At least 239 migrant children separated from their families at the U.S.-Mexico border are in the care of Cayuga Centers in New York, and it is unclear if or when they’ll be reunited with their parents.
On Thursday, children were seen emerging from a government facility where the migrant children are said to have been taken — many without Mayor Bill de Blasio’s knowledge, according to CNN. A total of 350 children have been at the center since Donald Trump‘s administration implemented its “zero-tolerance” policy, which has led to the separation of some 2000 children from their parents.
A child abuse activist and former attorney, 67-year-old Jeffrey Drummond, says he visited the Harlem center on Thursday and saw several tables seating at least 100 children.
“They were playing with toy-like things. It was a bare room, bare walls,” he says, noting that he was asked to leave shortly after arriving. “There were little chairs for the kids and tables.”
Drummond adds: “None of the kids were crying or screaming. They were playing with things and there was a little bit of chatter and laughter.”
The facility is not a residential center, according to the New York Times, instead, the agency places children in temporary foster care.
On Thursday, children emerged from the building in hand-colored masks as they left with foster families. According to CNN, children who come to the center for classes and basic services have lice, chicken, pox and bed bugs, and some are in need of mental health services.
Nancy Sicardo, 55, lives around the corner from the Harlem center and tells PEOPLE she saw eight young children, including a toddler, being taken inside by adults around 10 p.m. on Monday.

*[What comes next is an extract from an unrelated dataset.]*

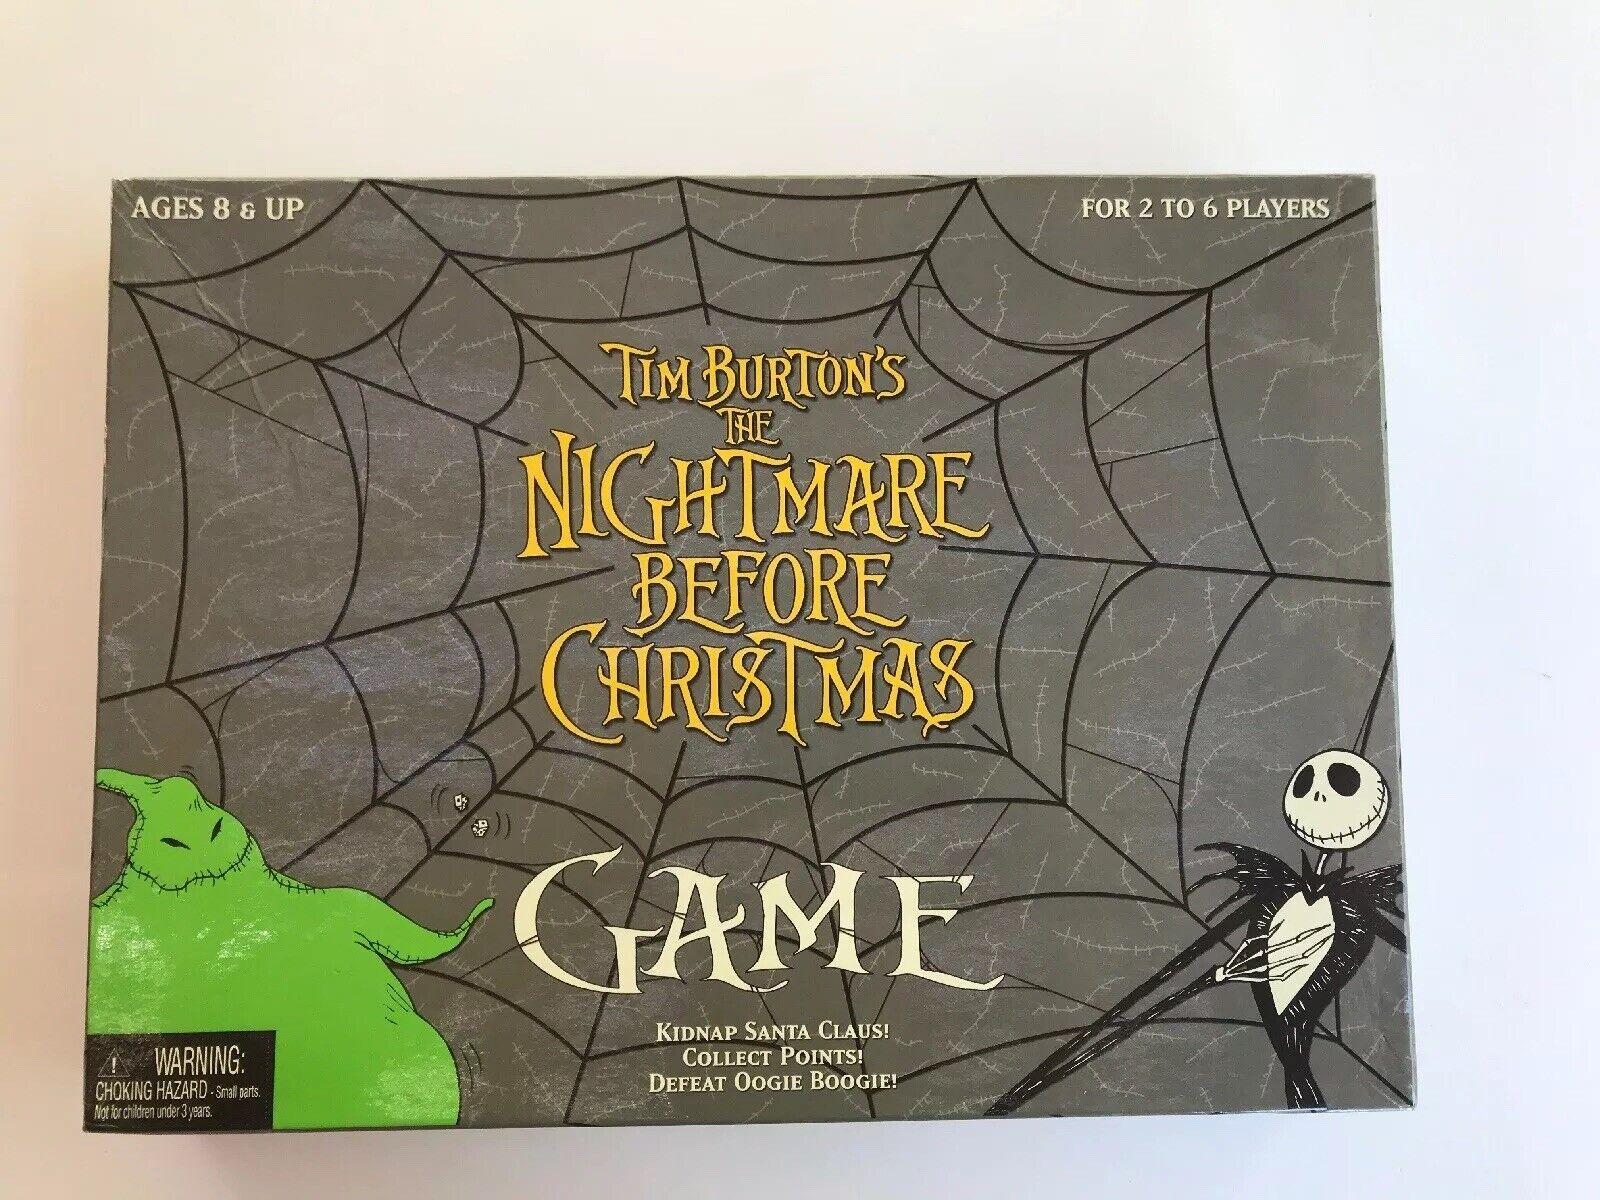 Tim Burton's The Nightmare Before Christmas Board Game by Neca
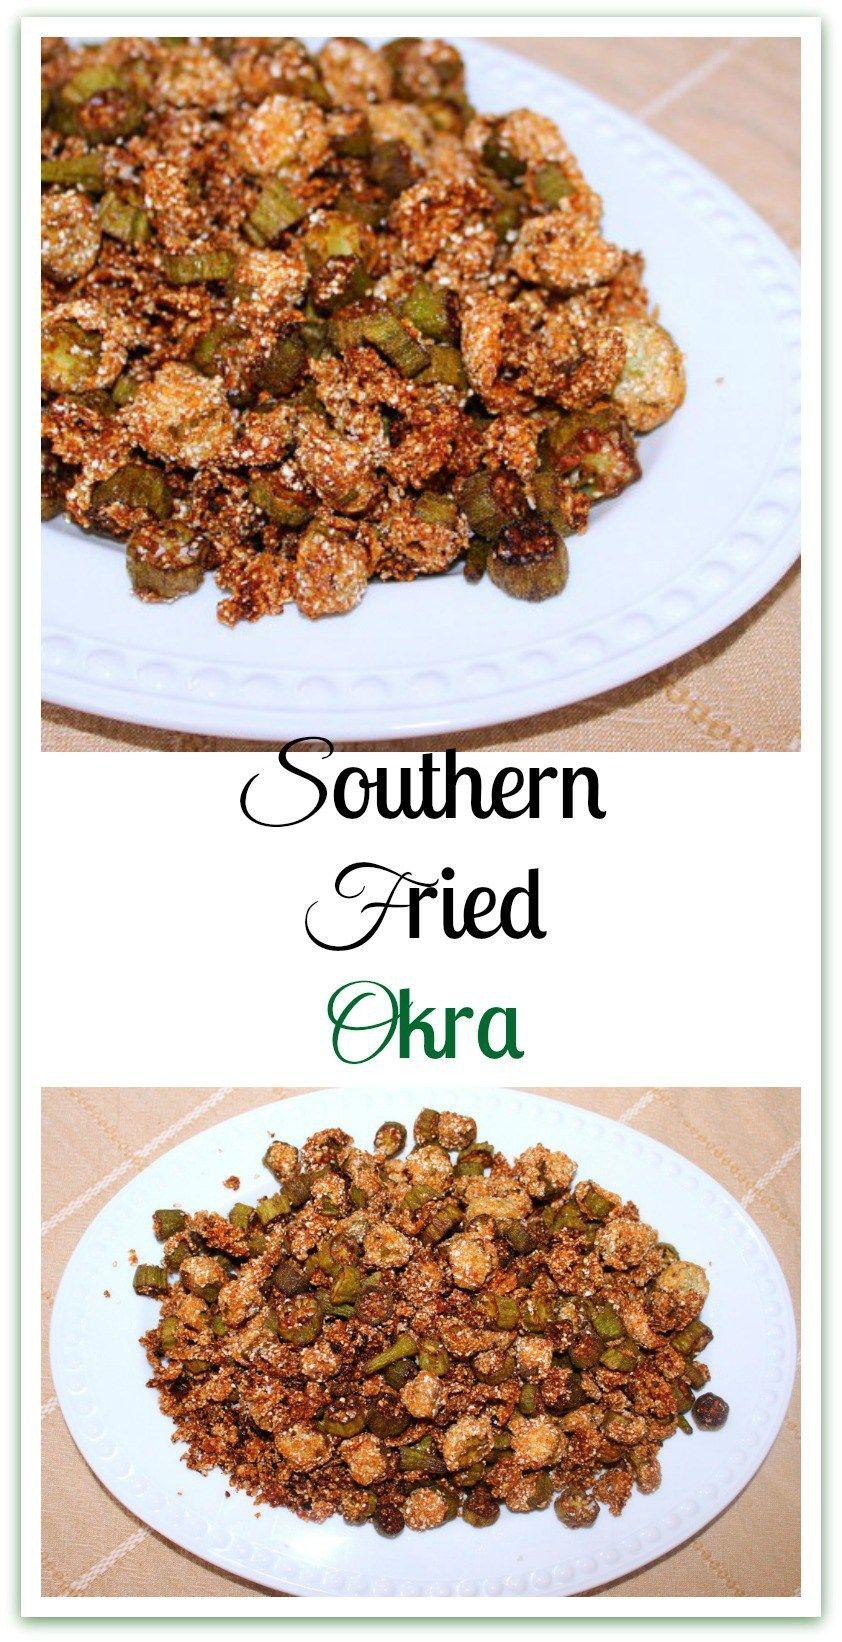 Southern Fried Okra Recipe Southern fried okra, Okra

“The kids were so scared, they yelled at them,” Sicardo says of the adults. “They were rushing them, saying in Spanish, ‘Come on, come on.’ They looked so afraid.’ ”
She says she was angry when she learned that most of the children are migrants who had been taken from their parents.
“These kids were under our noses the whole time. I went home and cried,” she says. “I think they should give these kids back to their parents. My heart is broken, I couldn’t imagine being separated from my family in a million years.”
The Cayuga Centers website states: “These children are placed in Spanish-speaking foster homes as they await reunification with a family member or sponsor, or return to the country of origin.”
However, one foster mother tells PEOPLE that a group of children she cares for had been at the Harlem center for months.
Cayuga Centers has two other facilities in New York as well as locations in Florida and Delaware.
On Wednesday, Donald Trump signed an executive order, reversing his administration’s policy on separating children from their parents when they illegally cross the border.
“We are keeping families together,” Trump said in the Oval Office, where he was joined by Department of Homeland Security Secretary Kirstjen Nielsen and Vice President Mike Pence.
The president’s remarks came amid an overwhelming backlash against the policy that has resulted in 2,342 children being separated from their parents since May after crossing the Southern U.S. border.
Trump initially blamed Democrats for the policy, calling it “their law.”
However, as The New York Times notes, there was actually never a law that says children must be taken away from their parents at the border. In fact, it was the Trump administration’s decision to prosecute asylum seekers who enter the U.S. at the border that has led to parents being sent into criminal custody and separated from their children.